Chapter 7 of The Reasoned Schemer introduces a way to handle integers in relational programming. These are provided in the numbers suite.

Write lengtho, which associates its output with the length of a list as a binary number in reverse order (if you use the provided helpers, this is the normal representation of numbers).
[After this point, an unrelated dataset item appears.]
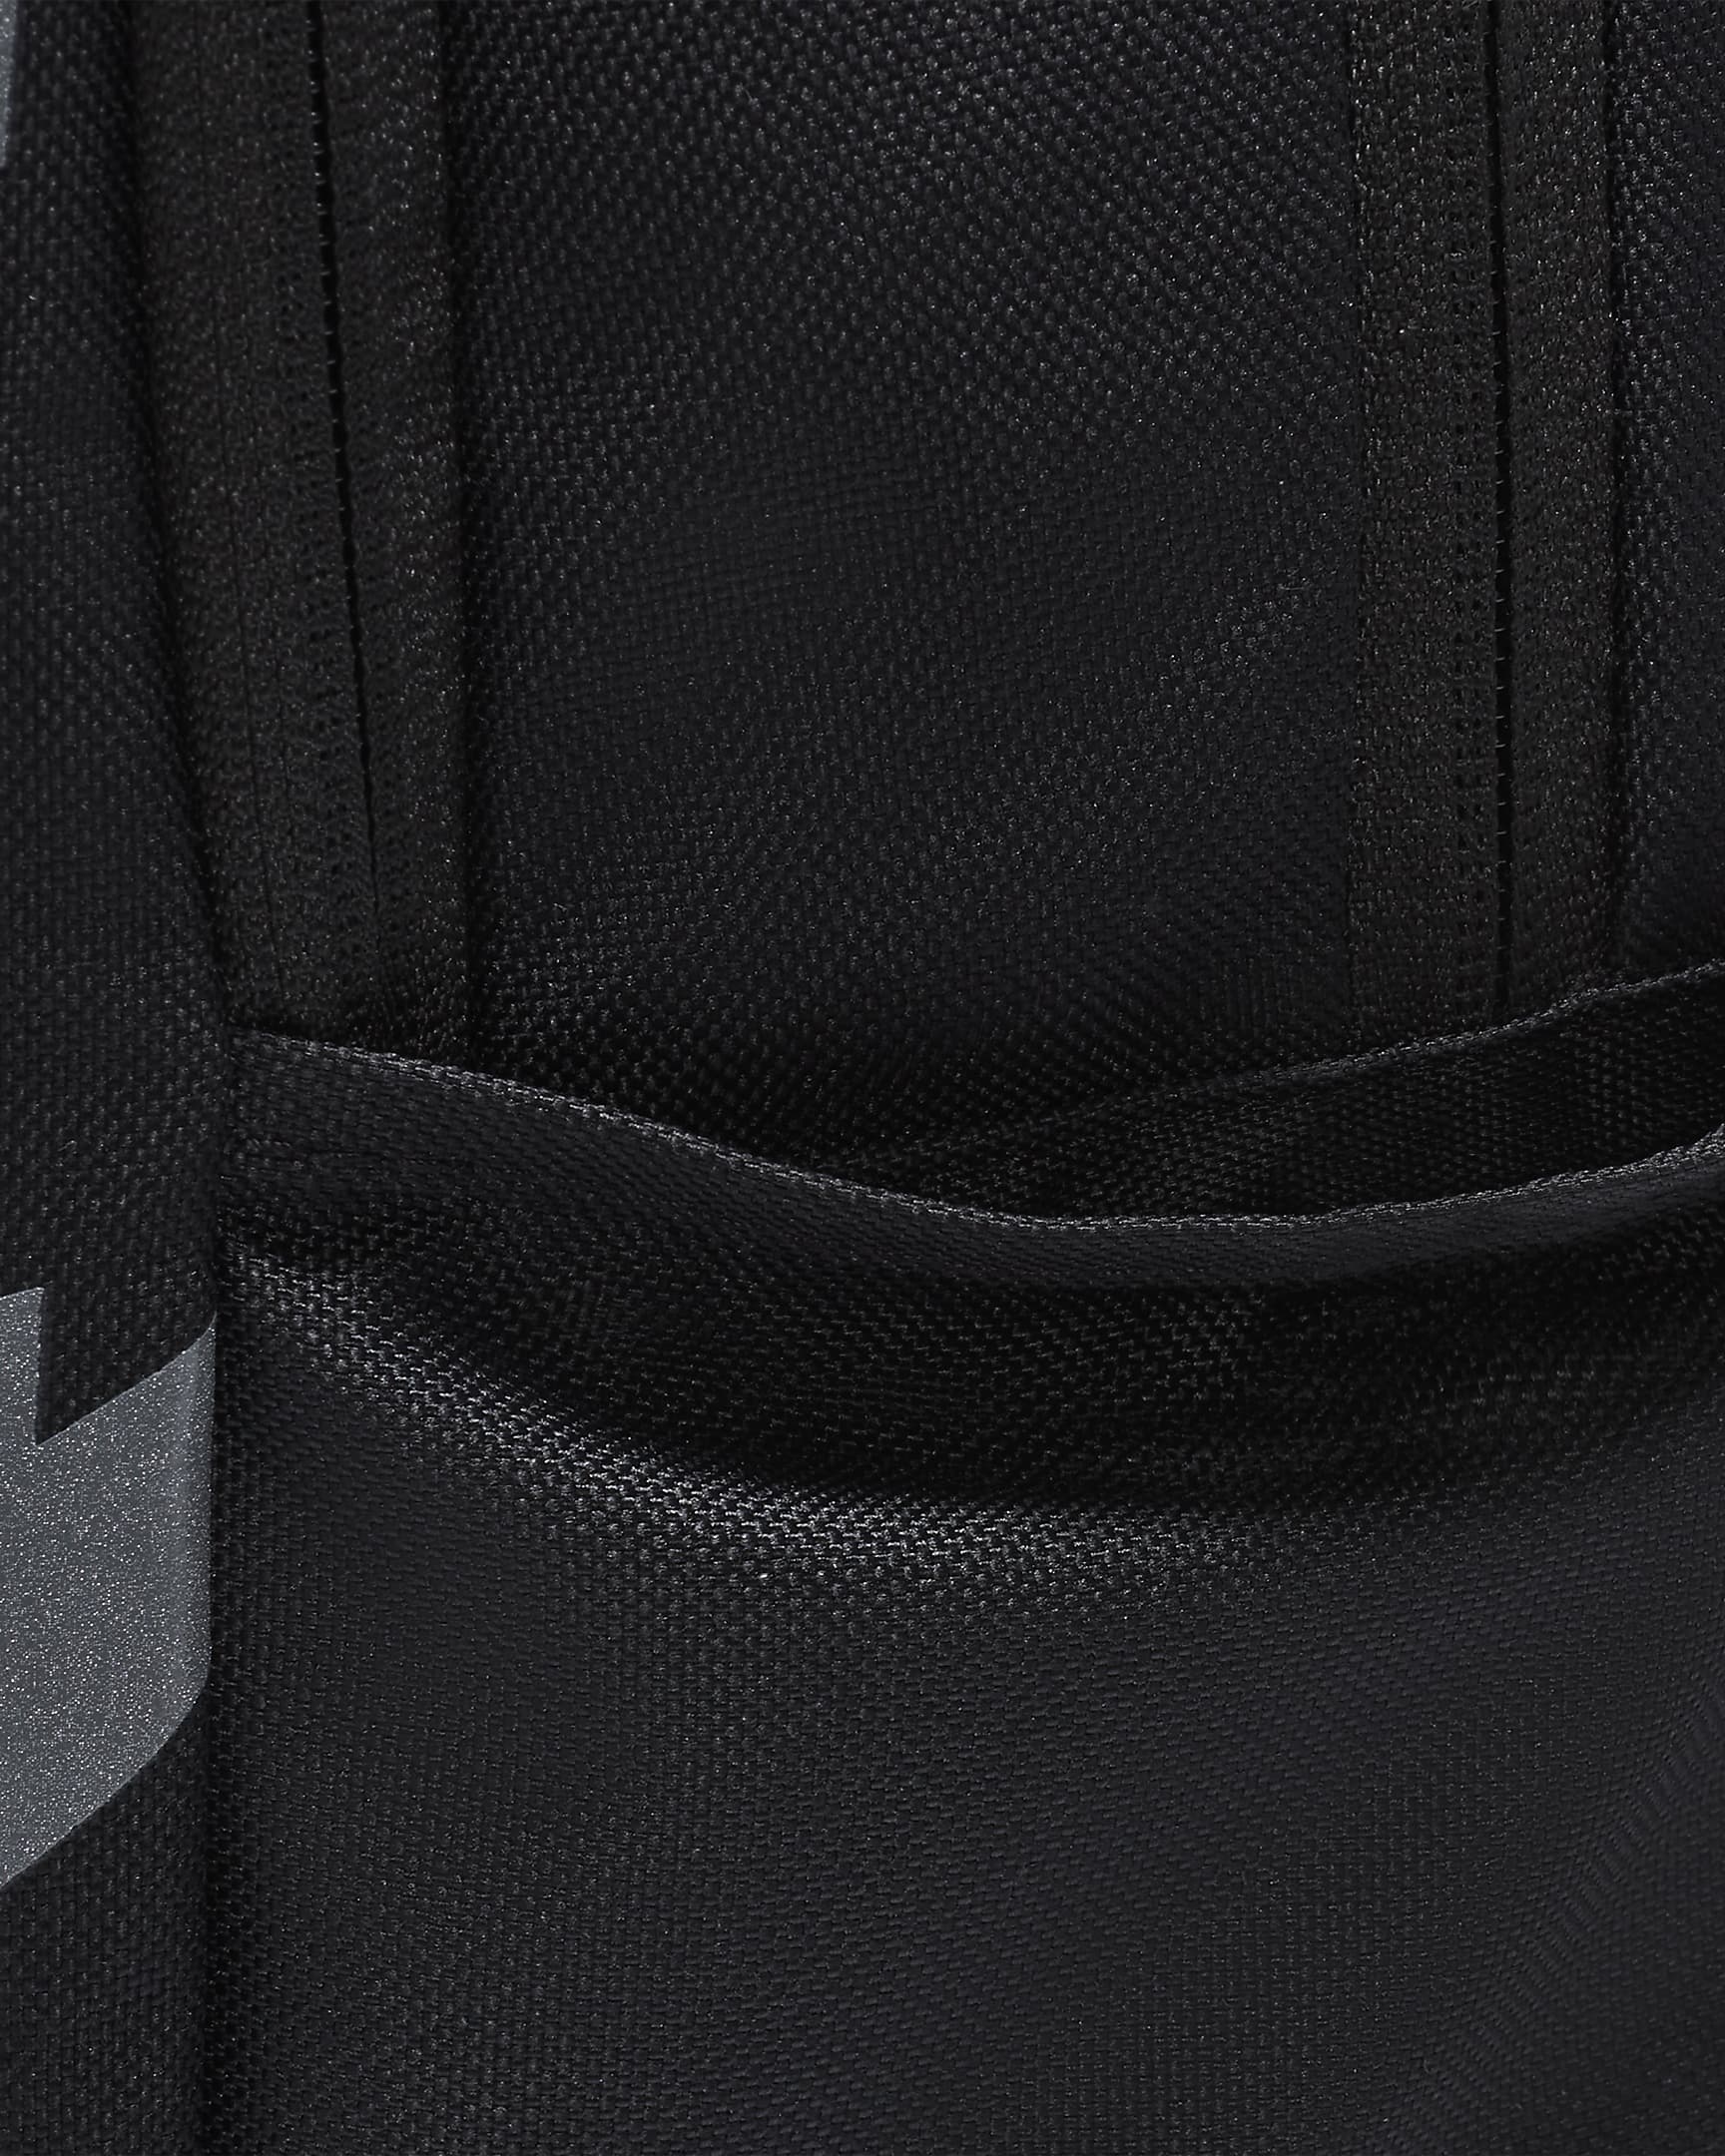 Nike Backpack (21L). Nike UK

Here are some tests:

> (require C311/numbers)

> (run 1 (q) (lengtho '() q))
(())

> (run 1 (q) (lengtho '(a b) q))
((0 1))

> (run 1 (q) (lengtho '(a b c) q))
((1 1))

> (run 1 (q) (lengtho '(a b c d e f g) q))
((1 1 1))

> (run 1 (q) (lengtho q (build-num 0)))
(())

> (run 1 (q) (lengtho q (build-num 5)))
((_.0 _.1 _.2 _.3 _.4))

> (run 10 (q) (fresh (x y) (lengtho x y) (== `(,x ,y) q)))
((() ()) ((_.0) (1)) ((_.0 _.1) (0 1)) ((_.0 _.1 _.2) (1 1))
 ((_.0 _.1 _.2 _.3) (0 0 1)) ((_.0 _.1 _.2 _.3 _.4) (1 0 1))
 ((_.0 _.1 _.2 _.3 _.4 _.5) (0 1 1))
 ((_.0 _.1 _.2 _.3 _.4 _.5 _.6) (1 1 1))
 ((_.0 _.1 _.2 _.3 _.4 _.5 _.6 _.7) (0 0 0 1))
 ((_.0 _.1 _.2 _.3 _.4 _.5 _.6 _.7 _.8) (1 0 0 1)))

Just Dessert

Right now, when you do a (run 10 (q) …), you get 10 answers. If you want the 11th, you gotta start over and get the first 10. Change the implementation that we built in class/lab and handed out to you, so that run returns to you both the 10 answers reified, and the stream in a global variable of your choice. That's incidental. The real point of this exercise is to build an operator which will use said globally-defined variable.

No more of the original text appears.